M e resulta indiferente que el Estado haya pagado un crédito de la Comunidad Valenciana; que lo haya avalado, como dicen otras fuentes, o que simplemente haya echado una mano porque no se podía pagar. Lo importante es que el problema existió, que había dificultades para hacer frente al vencimiento y que resultó agónico su pago. La pregunta inmediata es cuántas autonomías pueden tener ese problema ahora mismo o cuántas acumulan boletos para tenerlo en el futuro. Dicho en palabras del molt honorable don Artur Mas, que no pierde comba para mostrar su desapego de España: cuántas autonomías tendrán que ser intervenidas por el Estado español.
De momento, lo que han hecho las autonomías más derrochadoras (entre las que, por cierto, no está Galicia ni de lejos) es intervenirnos a todos. Por el desfase de sus cuentas, según las explicaciones del señor Montoro, el déficit público se encaramó al 8 %, y usted y yo vamos a pagar más impuestos durante un mínimo de dos años. Cuarenta y siete millones de ciudadanos, pagando el dispendio de unos cuantos gobernantes. ¡Viva el sistema! Esto es como una derrama para afrontar una avería causada por un vecino, pero que solidariamente pagamos todos. Y es tal la urgencia del pago que debemos hacerle frente antes que resolver urgencias como el paro o los alicientes a la inversión.

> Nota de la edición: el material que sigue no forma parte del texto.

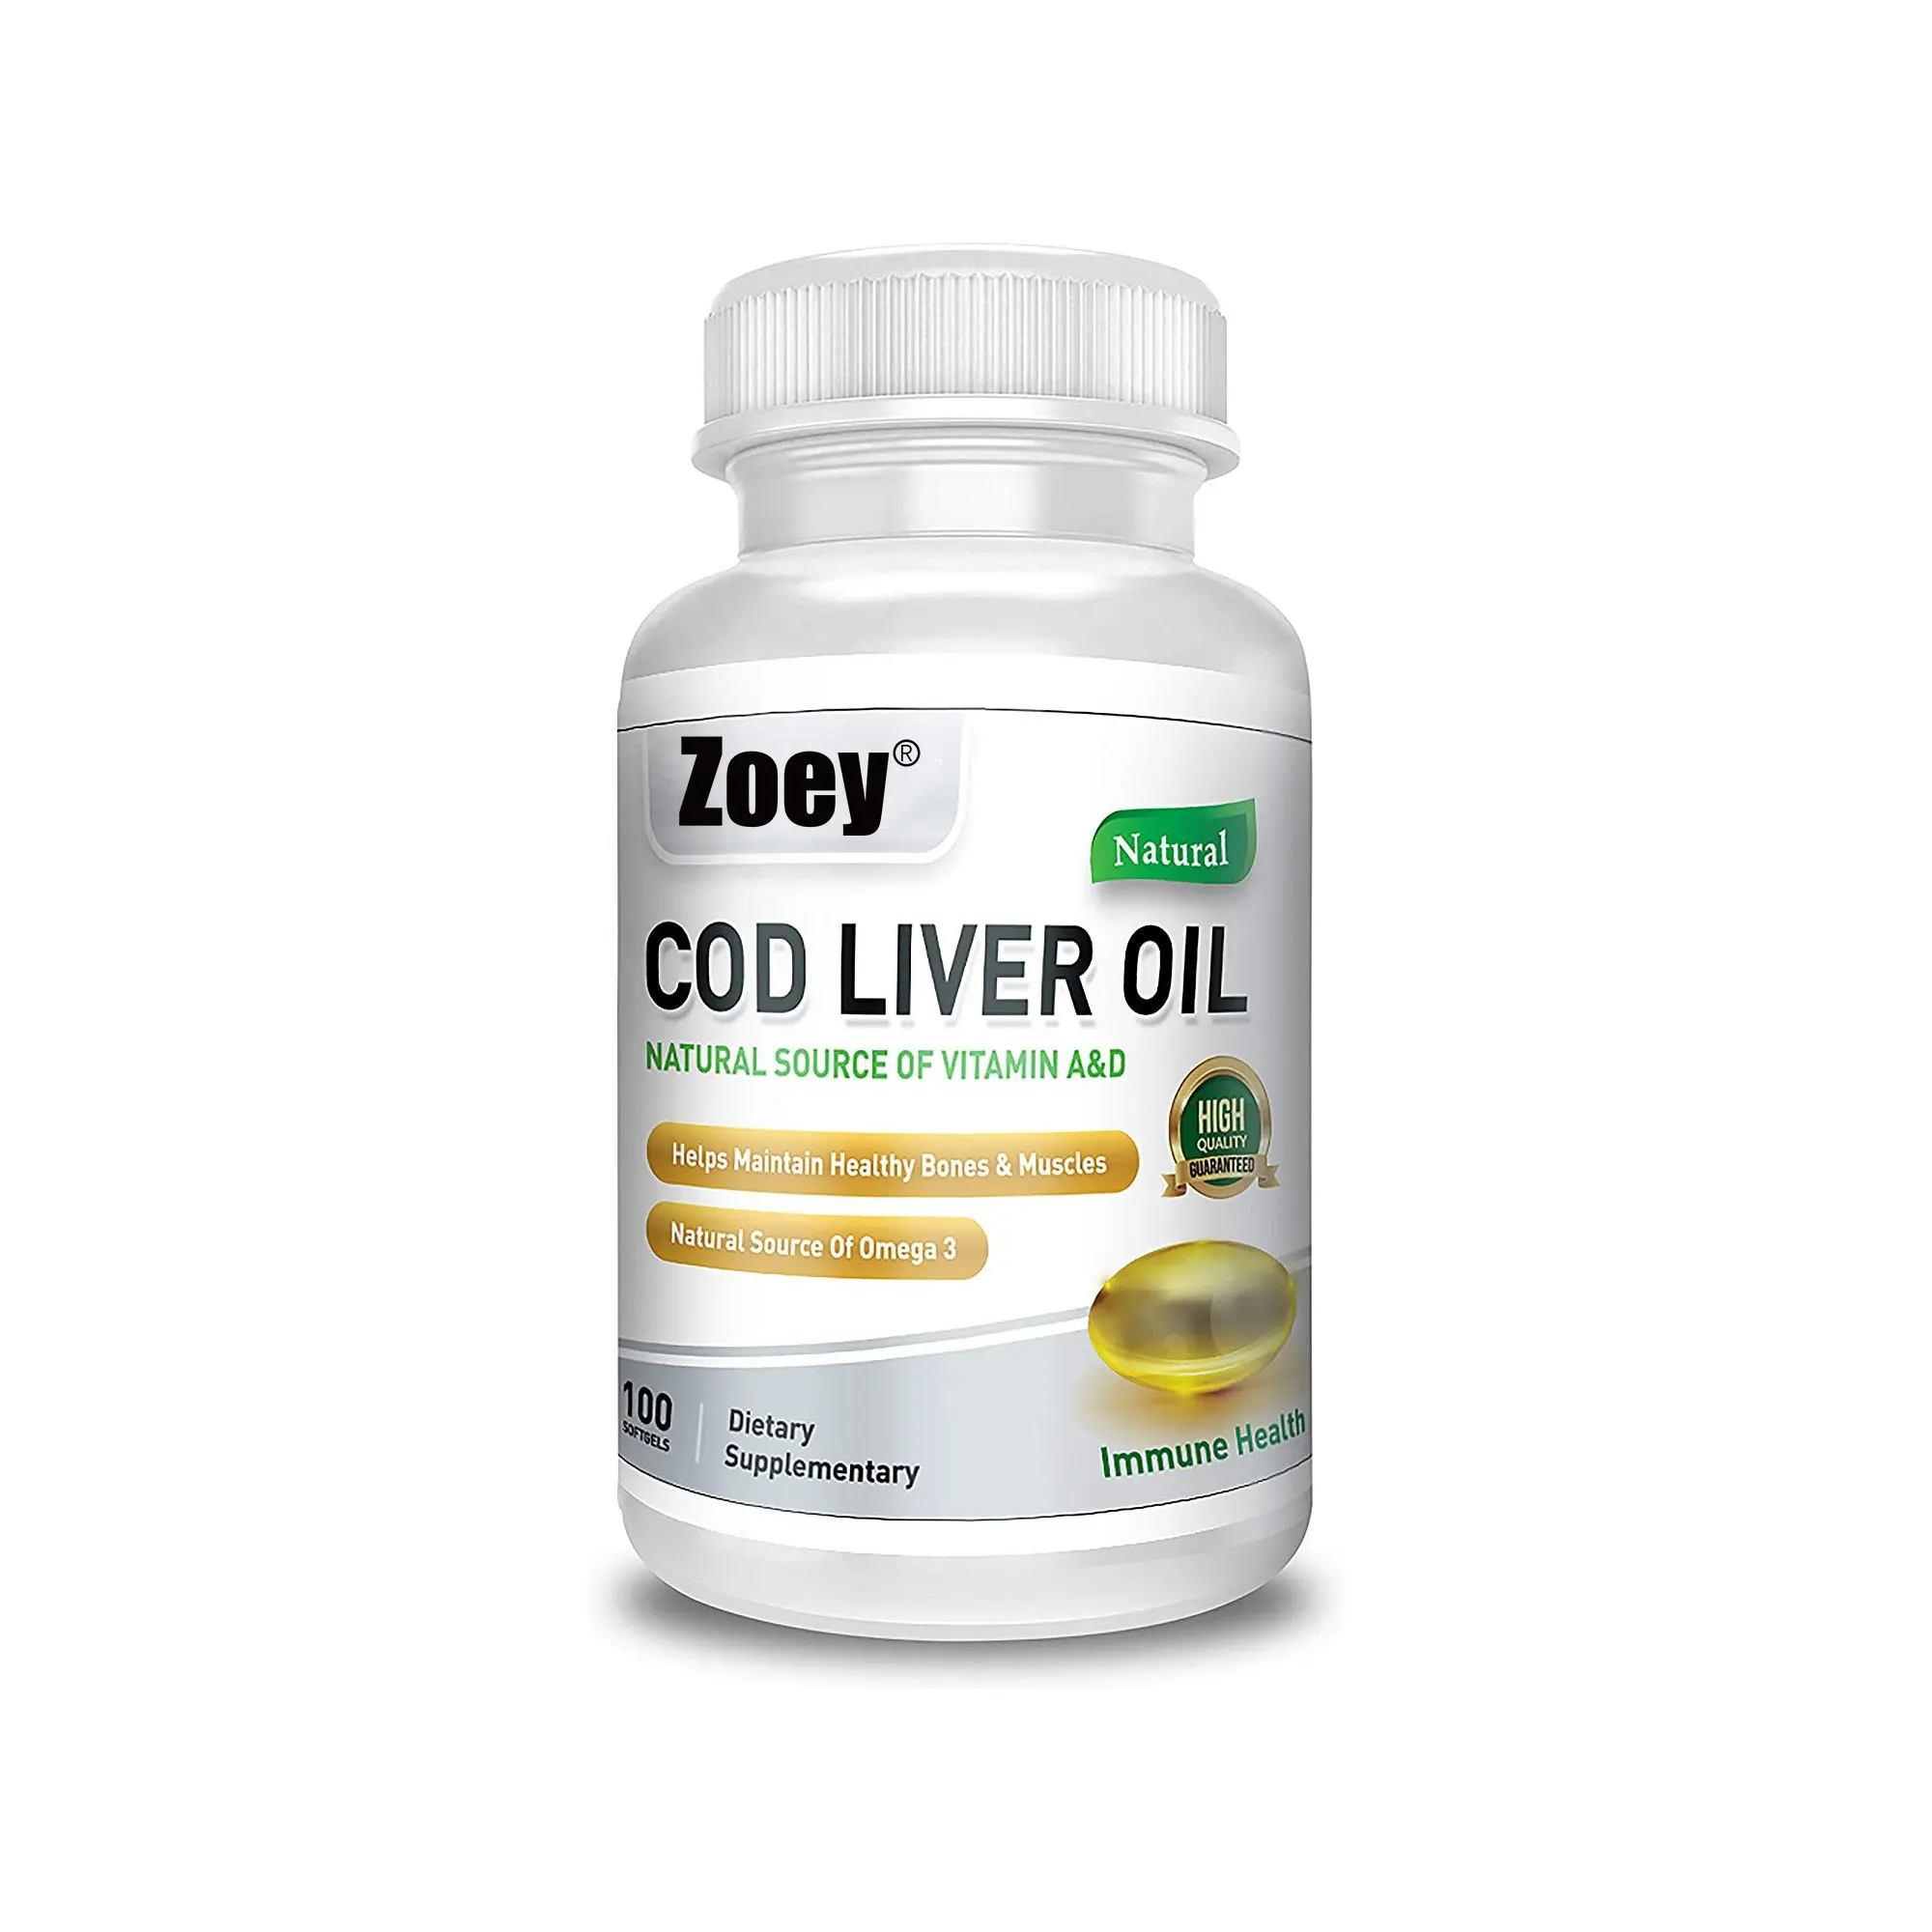 कॉड लिवर तेल की 100 Softgels प्राकृतिक स्रोत ओमेगा 3 फैटी एसिड ट्रिपल शक्ति सबसे अच्छा प्रतिरक्षा स्वास्थ्य स्वस्थ हड्डियों और मांसपेशियों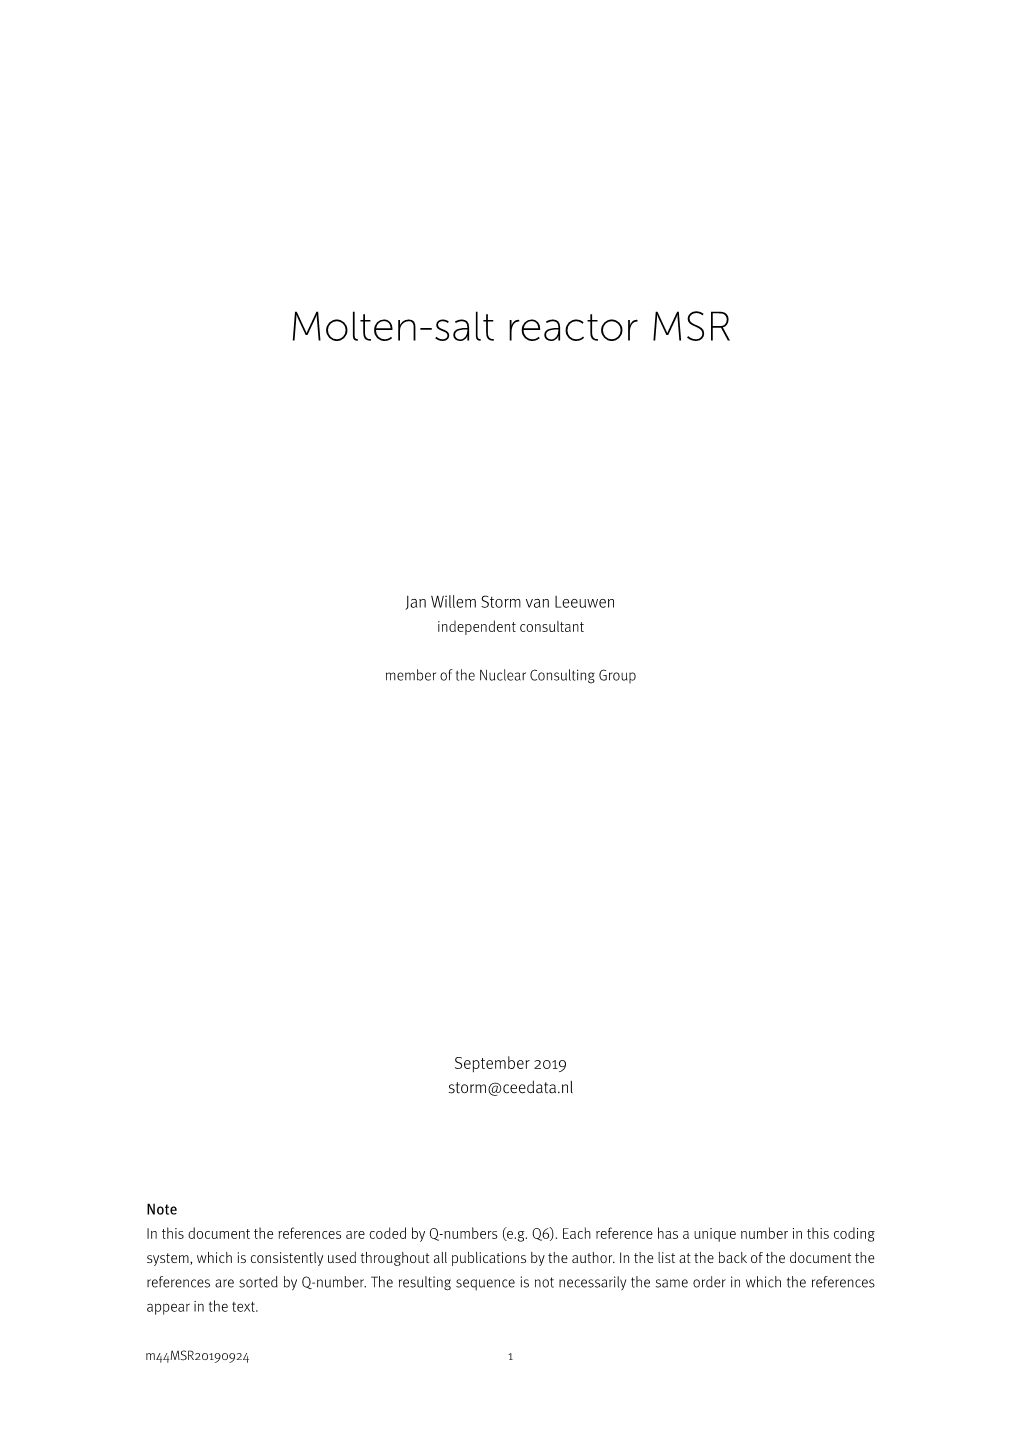 Molten-Salt Reactor MSR

Estén ustedes preparados para cualquier sobresalto, por lo que ayer conoció este cronista: el número, finalidad y pérdidas de las empresas públicas creadas bajo el manto autonómico. Se trata de una auditoría de la empresa Russell Bedford, que, añado una vez más, también en este aspecto salva a Galicia. Número de empresas públicas autonómicas: 2.671. Finalidad política: tener una especie de comedor de Cáritas a lo rico, donde pueda darse de comer al afiliado y desde donde corresponder a favores sin que parezca corrupción. Finalidad económica muy habitual: un sencillo mecanismo montado con la perversa intención de disimular o camuflar el gasto porque, según la auditoría, sus resultados no consolidan con los presupuestos regionales. Y resultado práctico: esas empresas del poder deben la friolera de 15.000 millones de euros. Quitamos 600 millones de euros a la investigación para perder treinta veces más en chiringuitos.
En resumen: se ha creado una telaraña empresarial pública descontrolada. Y ahora que vienen duras, ciérrenla ustedes. Cierren 2.671 empresas. Manden al paro a sus empleados. Y sobre todo: paguen al mismo tiempo los 15.000 millones de deudas que han acumulado. El ministro De Guindos dice que no, pero nos acabarán subiendo el IVA. De algún bolsillo habrá que seguir extrayendo dinero para pagar tanta alegría y tanta frívola colocación.